The Institute of Democracy and Cooperation is a think tank in Paris. It is a separate organisation from the similarly named think-tank in New York. Both were founded in 2008 by a Russian lawyer, Anatoly Kucherena and a group of Russian NGOs, but they were operationally and structurally independent of one another. The main purpose of the organisations was to provide a symmetrical response to the allegations of Freedom House about the human rights violations in Russia. The New York IDC gets defunct in 2015. The Paris site is headed by historian and former Russian State Duma deputy Natalia Narochnitskaya. The British philosopher and historian John Laughland is Director of Studies.

The institute is connected to Russian funds and visions in media and by researchers, and is said to be created following an initiative by Putin and Surkov.
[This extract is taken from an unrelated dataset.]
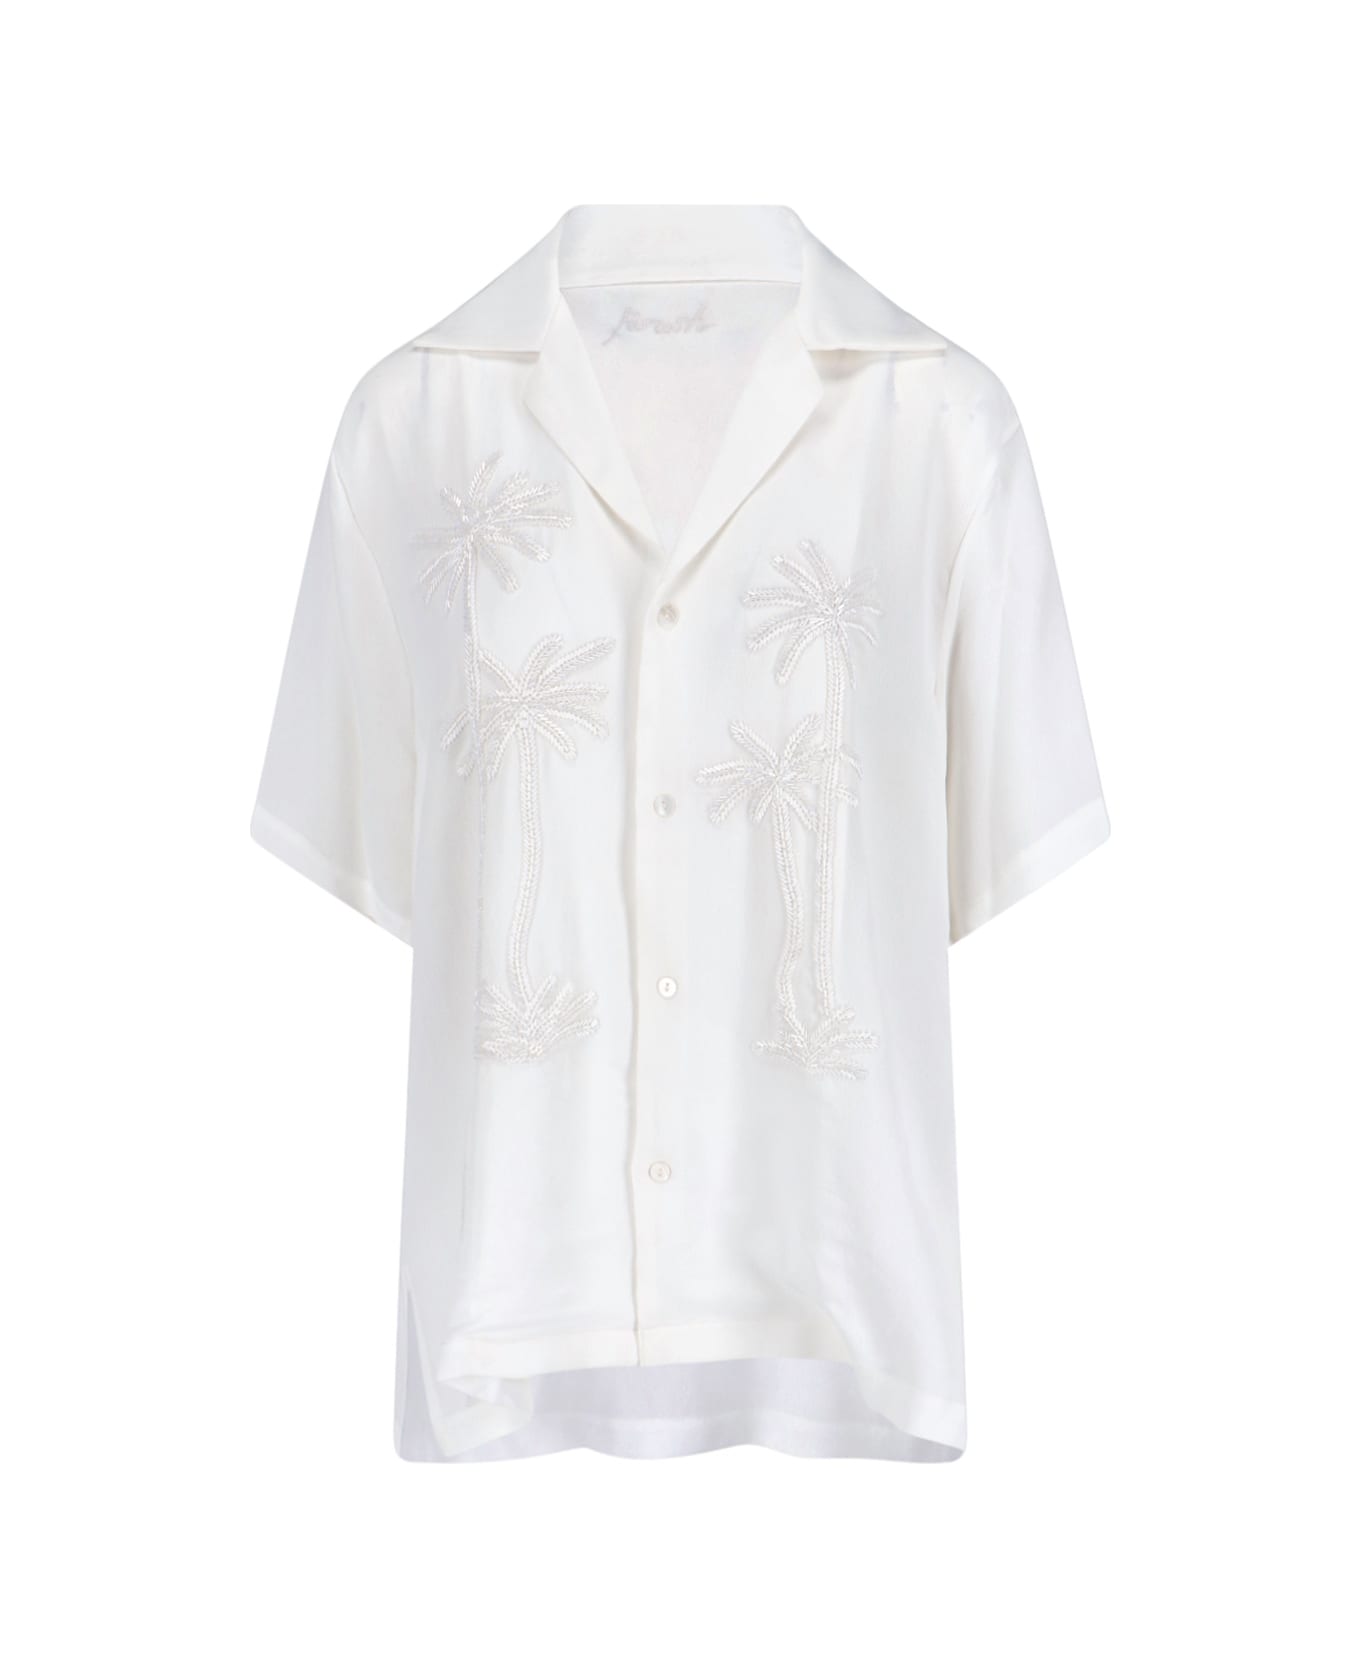 Parosh Short-sleeved Shirt - White

When asked about sources of financing, the former IDC director John Laughland stated that the funds are provided by the Foundation for Historical Outlook in Moscow, which in turn is financed by Russian Presidential grants.

==Focus==
The Institute describes its aims as being

part of the debate about the relationship between state sovereignty and human rights; about East-West relations and the place of Russia in Europe; about the role of non-governmental organisations in political life; about the interpretation of human rights and the way they are applied in different countries; and about the way in which historical memory is used in contemporary politics.
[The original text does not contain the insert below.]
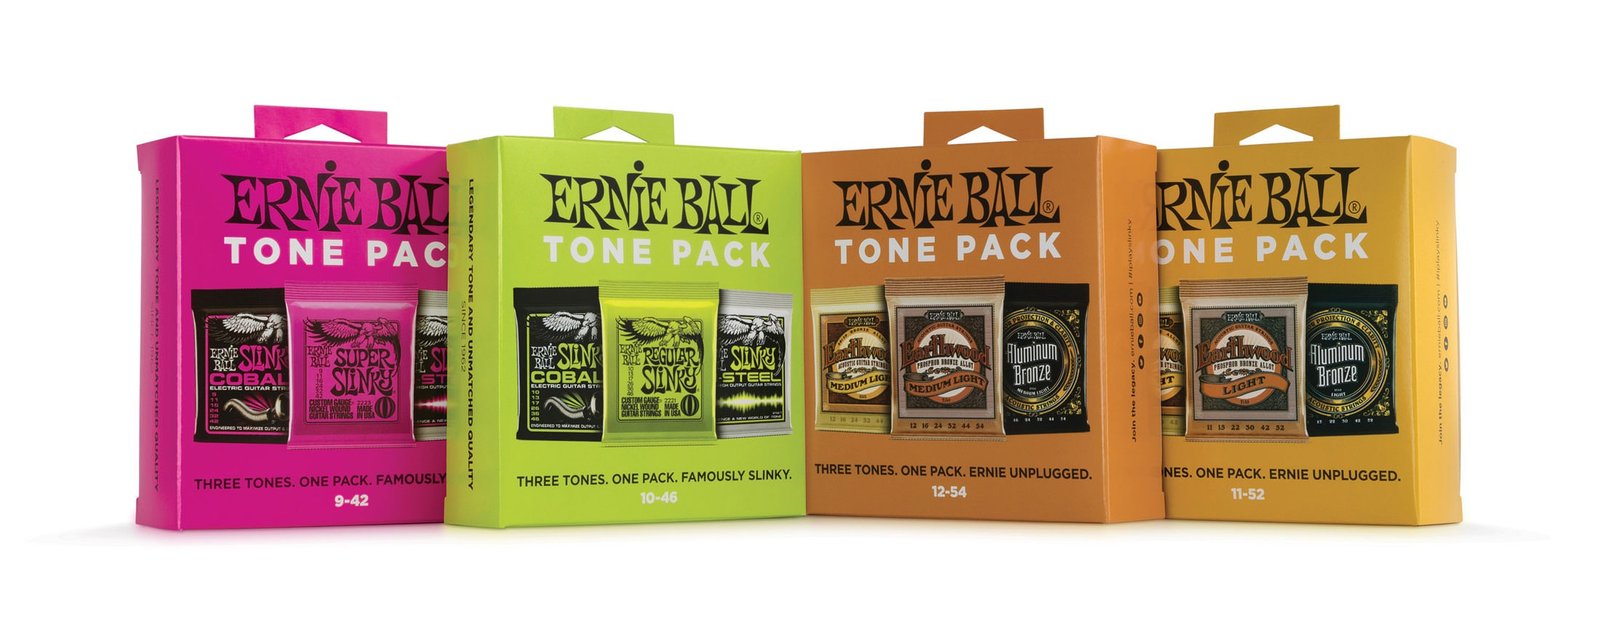 Ernie Ball Strings Tone Pack Packaging

It describes its outlook on human rights and international relations as "broadly conservative", referring to its emphasis on the nation-state as the best framework for the realisation of human rights and a belief that "humanitarian intervention" is often counter-productive.

The institute is active all over Europe, with partners in Rome, Berlin and Prague, and it has organised several Side Events at the UN in Geneva (it is accredited to the UN with ECOSOC status).